5214.10		EVMS::MORONEY		`Tue Jan 28 1997 16:15`	11
	re .9: No there really isn't much other info available to determine the fastest response time. Besides, shadowing's purpose in life is data availability and reliability, any speedup is a "freebie" bonus, not a goal of the driver. Partitioning by LBN wouldn't work that well anyway, consider the situation of a heavily used database file that resided on the first 1/3 of a disk drive, with the rest of the drive mostly unused. -Mike
5214.11		AMCFAC::RABAHY	dtn 471-5160, outside 1-810-347-5160	`Tue Jan 28 1997 16:28`	7
	Actually, my long time standing point of view is to not give any performance benefit. Too many times I've had customers become dependent upon the level of performance given when the shadow set is operating normally and be severely disappointed when the performance degraded during a failure and the even worse performance during the recovery. They want shadowing to give the same level of performance at all times, even during a recovery. Instead they end up having to carefully monitor utilization and reconfigure artifically early.
5214.12	Isn't there another effect?	WIBBIN::NOYCE	Pulling weeds, pickin' stones	`Tue Jan 28 1997 17:51`	5
	When the remote system sends me a read or write, and it gets executed by my MSCP server on my local disk, does it get inserted into my local queue for that disk?
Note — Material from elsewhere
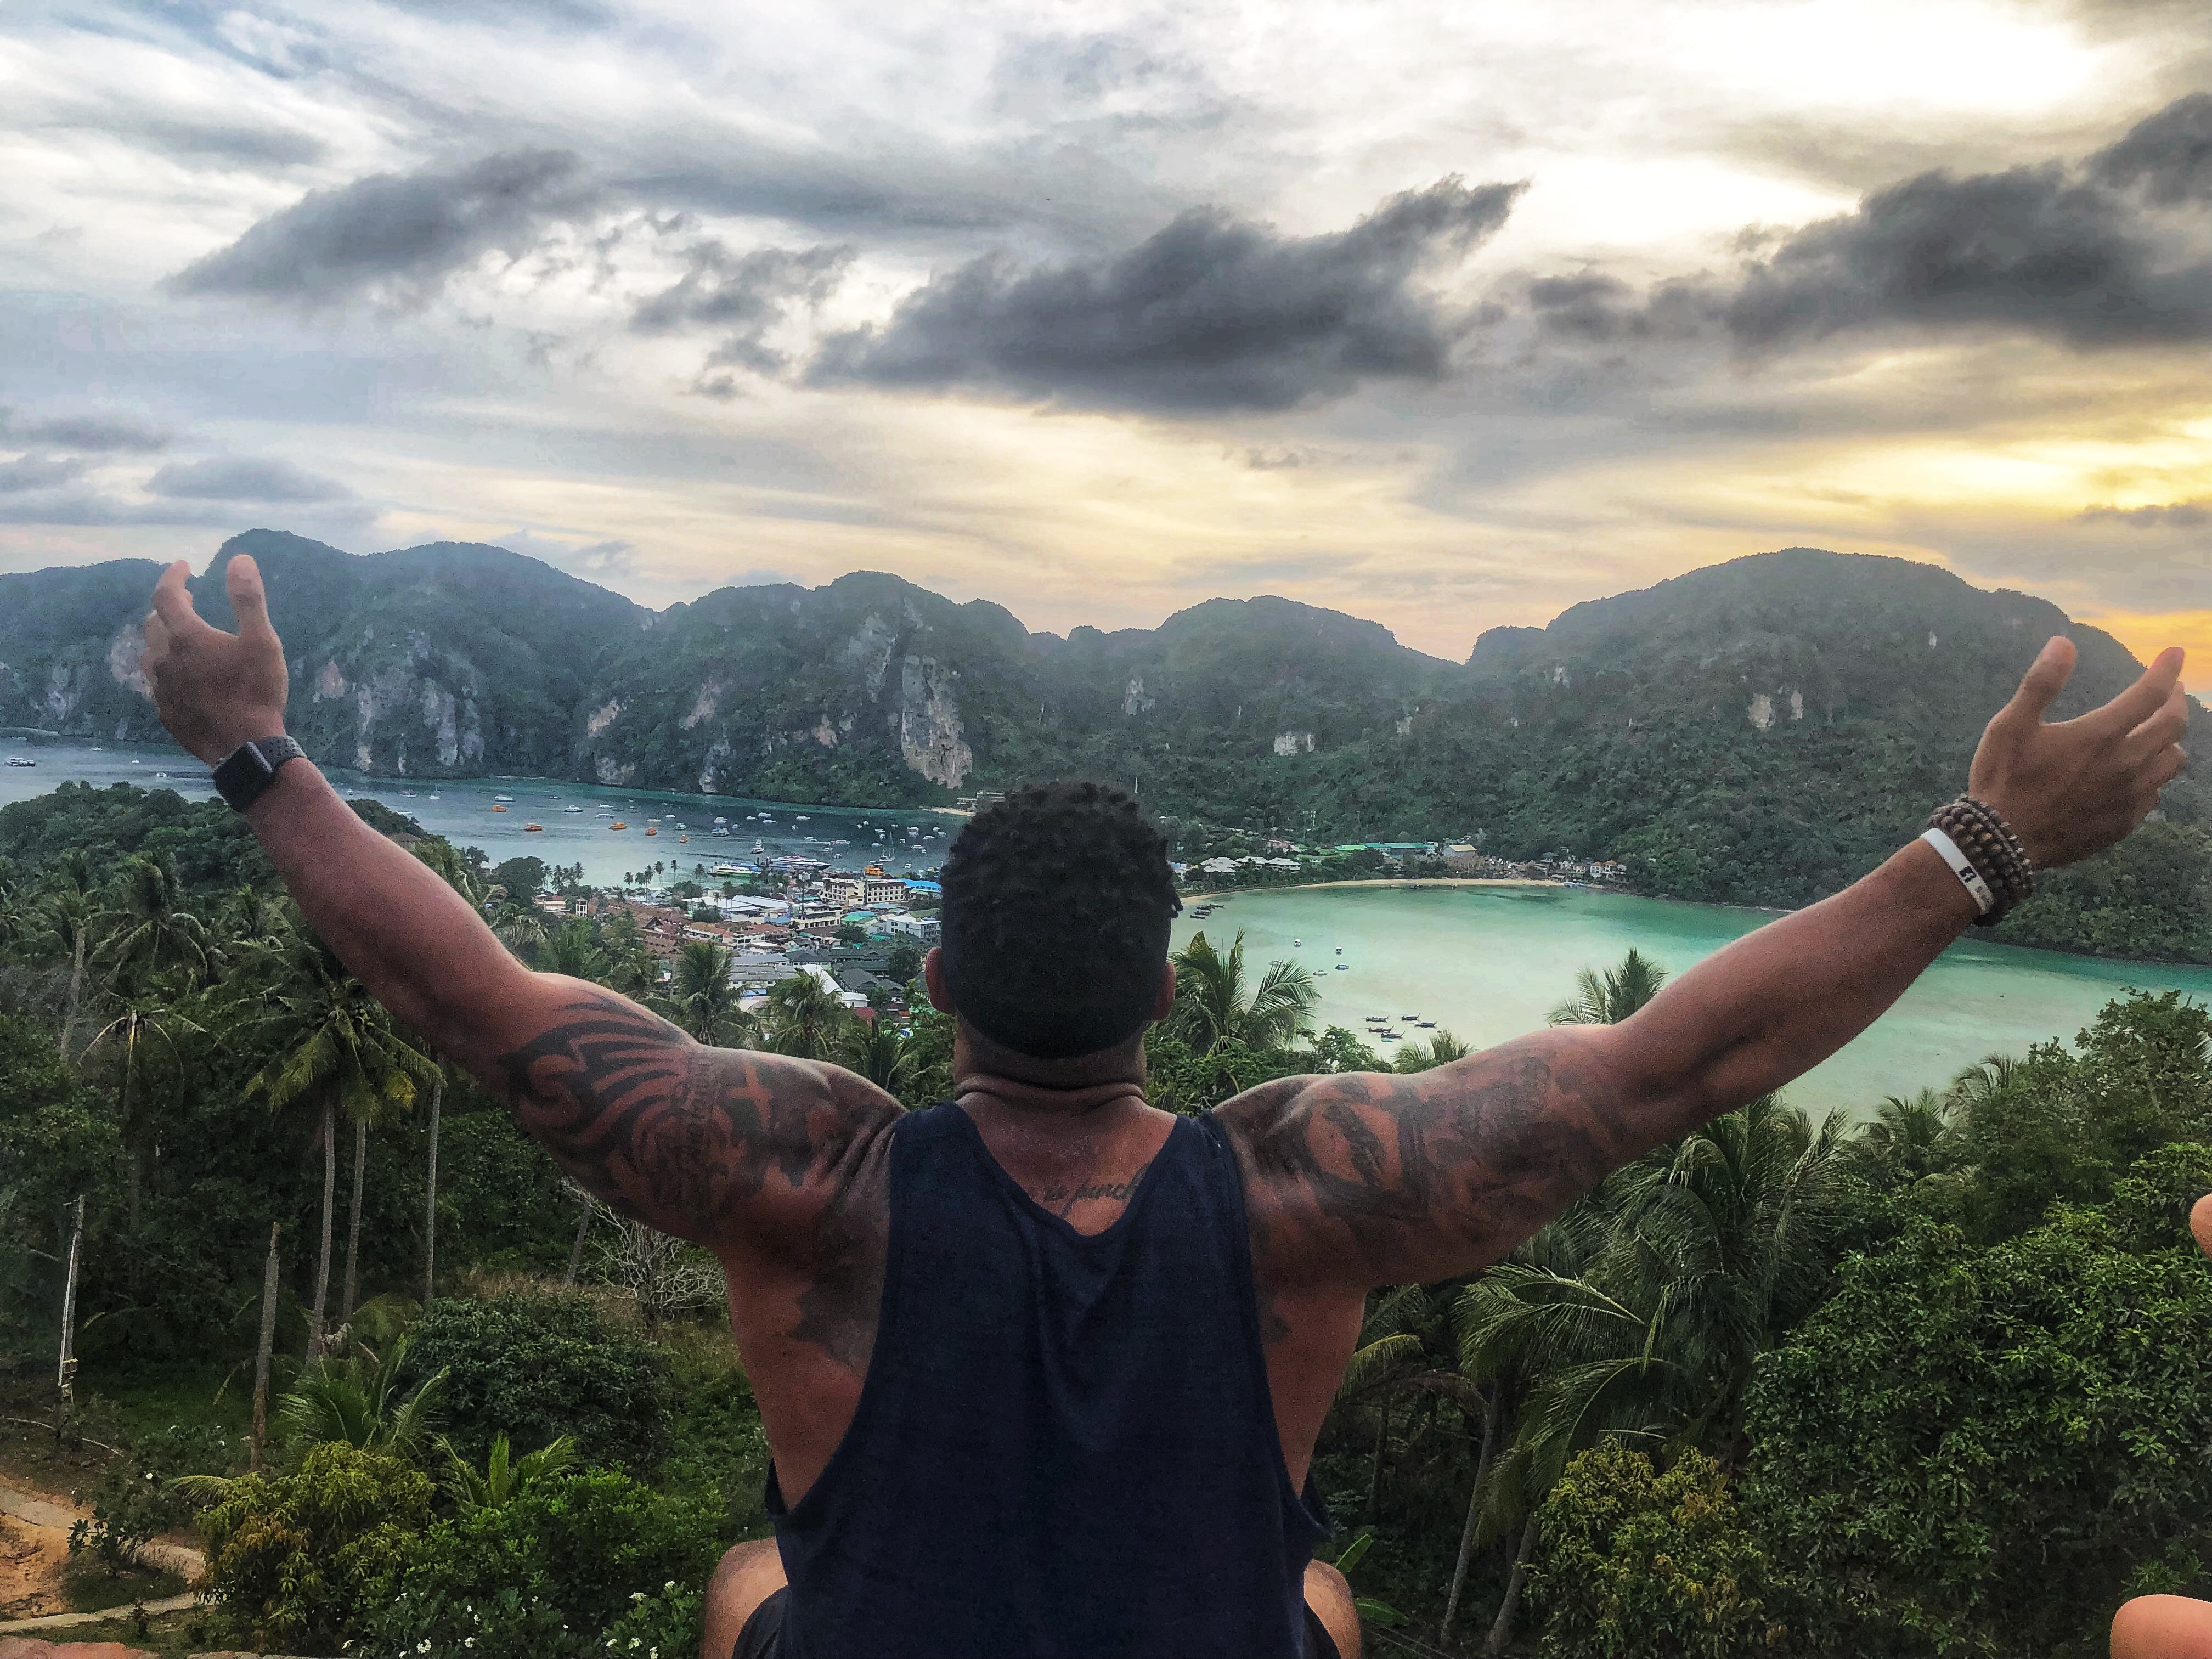 The Black Expat: 'I Moved To Vietnam With No Job Lined Up'

Wouldn't that affect the load-balancing measurement? Or do these forwarded I/O's bypass that queue somehow?
5214.13		UTRTSC::thecat.uto.dec.com::JurVanDerBurg	Change mode to Panic!	`Wed Jan 29 1997 02:08`	9
	>When the remote system sends me a read or write, and it >gets executed by my MSCP server on my local disk, does >it get inserted into my local queue for that disk? The mscpserver just talks to the local disk driver, and any i/o request is just inserted in the local queue. Jur.
5214.14		AMCFAC::RABAHY	dtn 471-5160, outside 1-810-347-5160	`Wed Jan 29 1997 13:53`	15
	re .11: So, sell 'em a third member to add to the shadow set. Then when there is a failure the performance will degrade only to the level of two members. I suppose they might still be disappointed after being spoiled by the performance of three members. It would be nice to have a feature which let us delibrately throttle performance to avoid degradation during failure/recovery. re .10: Hmm, let the boundary float dynamically attempting to balance the load. How much write activity can be tolerated before an LBN-based partition becomes unacceptable?